Until the First World War virtually every household in Richmond and Twickenham employed servants to do the cooking, cleaning and a variety of other tasks. Even relatively modest households would have had a “skivvy” to help the mistress.

Despite what Downton Abbey and Upstairs, Downstairs might show, the life of a female servant was often miserable. Housemaids and cooks were poorly paid and often dreadfully treated by their employers.

It is hard to discover very much about individual servants. Perhaps typical was Emily Chalfont who, in 1881, was a parlour maid, aged 14, in the household of a former naval captain, Henry Temple, who lived at the bottom of Kew Road in Richmond. Like many servants locally, Elizabeth grew up in the countryside. She was the daughter of George Chalfont, a farm labourer, who in 1871 had four young children under eight. Elizabeth no doubt was sent out to service as soon as she was able, in order to support the family. It is possible that she got the position with the Temples through Martha Chalfont, another servant who was staying over on census night in 1881. As Martha was eight years older than Elizabeth, she was probably an older sister.

Elizabeth’s employer was Henry Temple, a former Royal Navy officer, who lived with his wife and daughters. A naval captain on half-pay with a family was not a wealthy individual. Miss Chalfont may well have been the only servant. One can imagine the panic that Elizabeth must have felt every day. The fact that she was allowed a family member as a visitor, however, suggests that her employer may have been more generous than normal.

By the time of the next census, Elizabeth had married and was living near Maidenhead. She was lucky that she had had no dealings with the Metropolitan Association for Befriending Young Servants (MABYS). The charity attempted to provide help for young girls, keeping them away from the many temptations offered in London.

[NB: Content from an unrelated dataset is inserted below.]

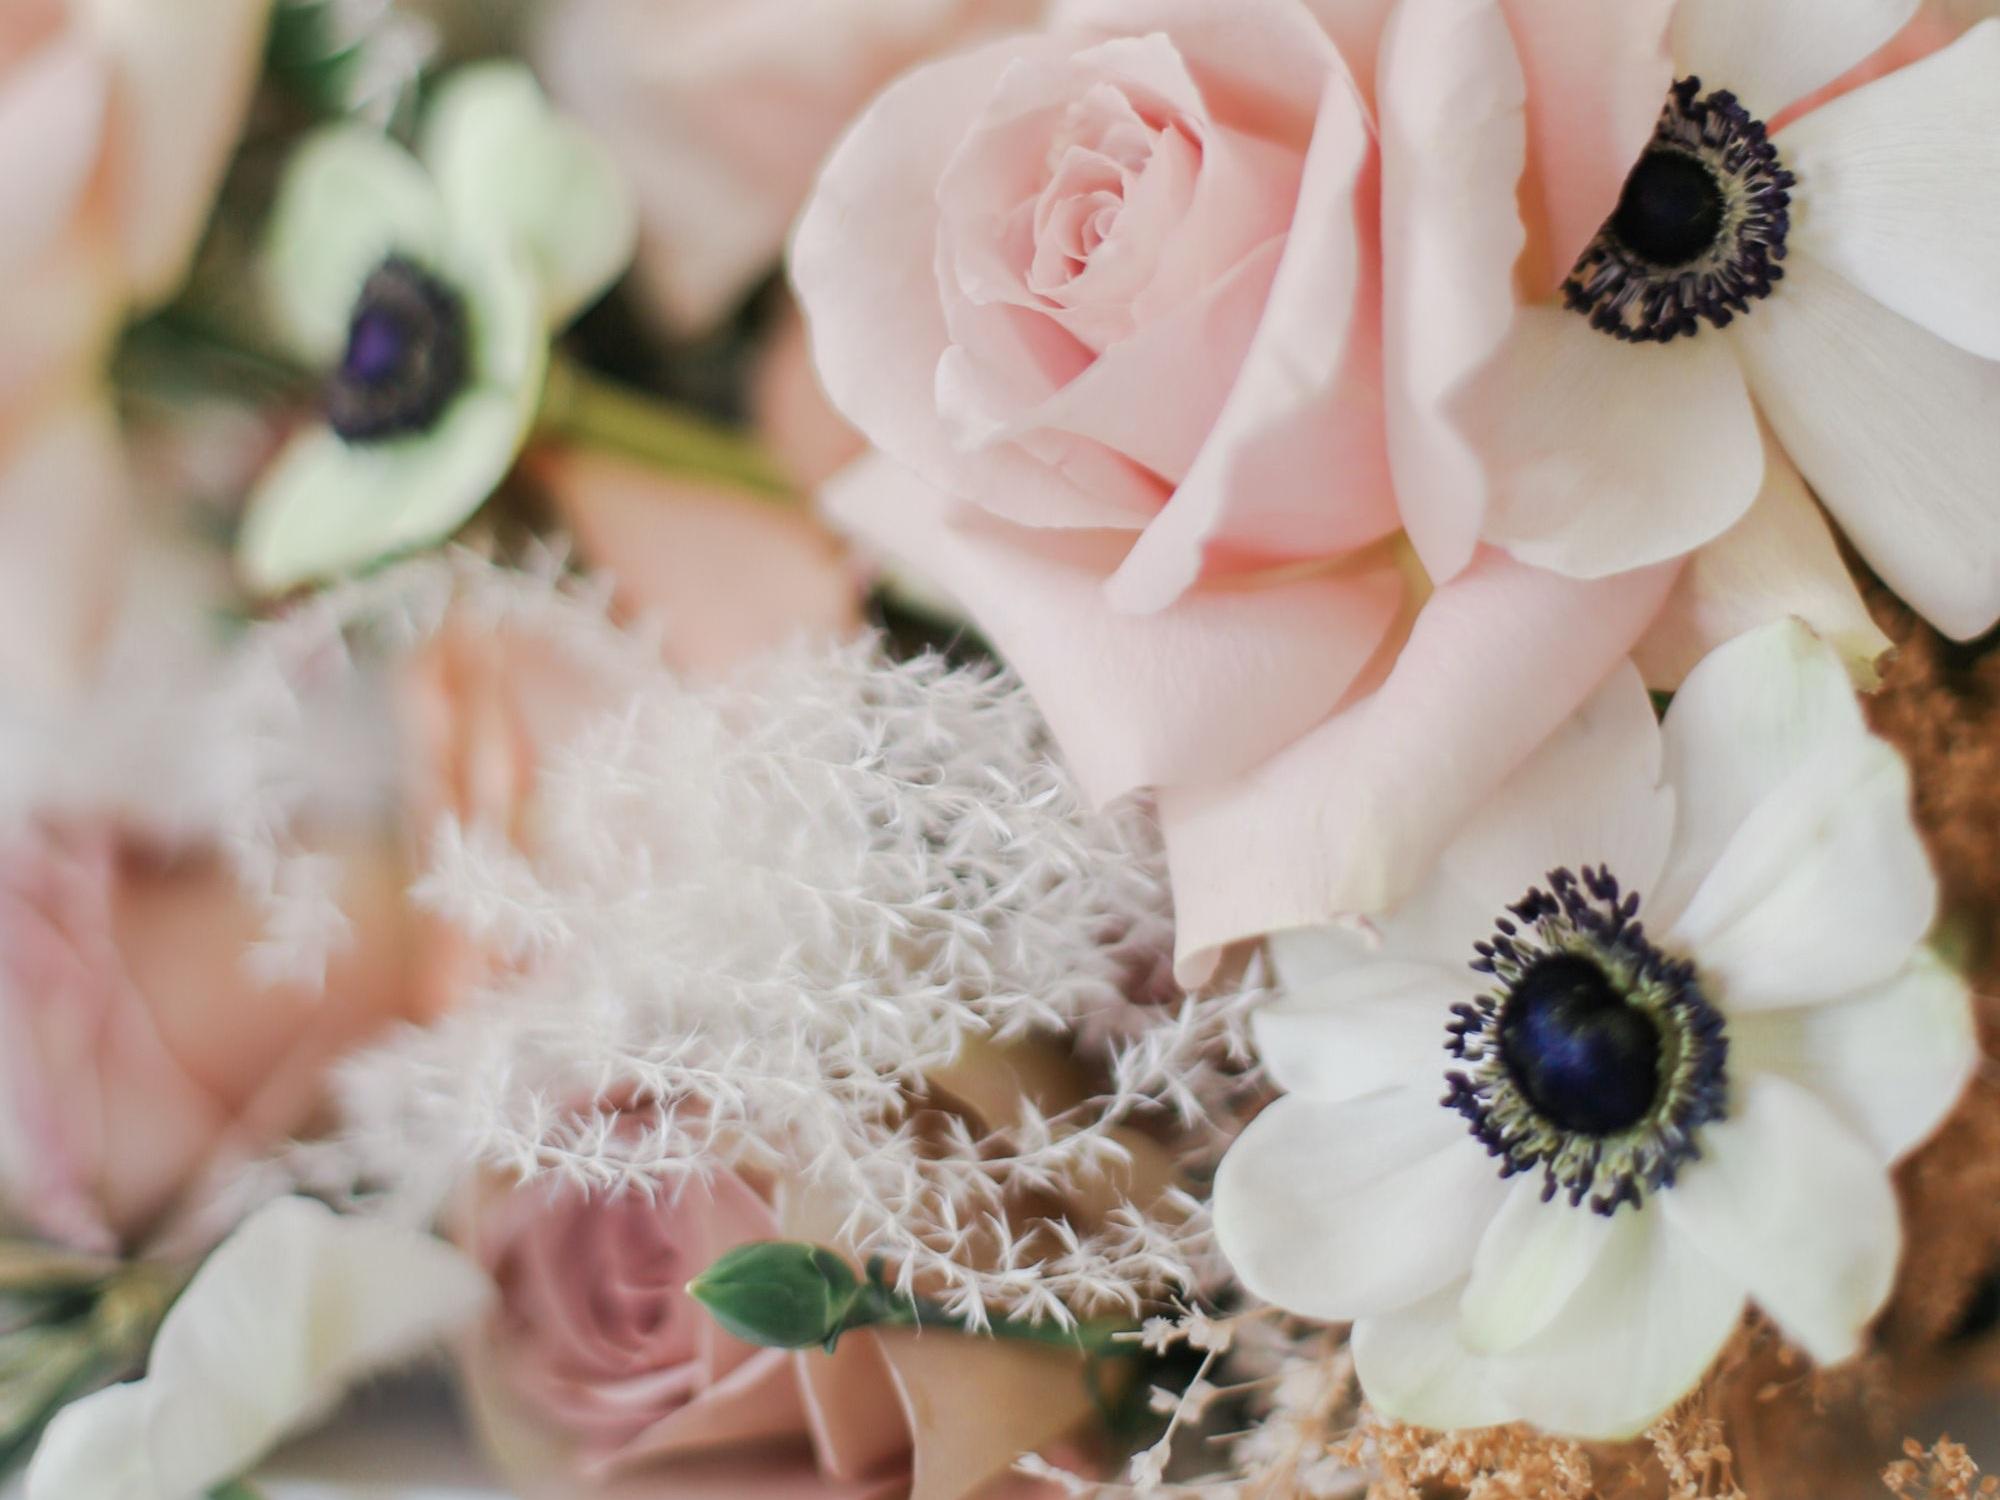 jennifer-hayward,roanoke-wedding-photographer,roanoke-maternity-photographer-4.jpg

Over the years, several training schools for servants were established locally. The most successful  was Princess Mary Adelaide Training School, which was in existence between 1886 and about 1918 on Richmond Green. It doesn’t seem to have been a particularly happy place. To start with, the building was burnt down in 1893 by one of the residents, something which oddly is not mentioned in the annual report for that year. We know a little about one of the residents, a young lady, aged 15, referred to as IB. She arrived there on 6 May 1902 “very shortly expecting her confinement. Isabel said that one of her foster mother’s sons was the father of her child”. The father was also aged 15. She was summarily returned to the workhouse at West Ham to give birth.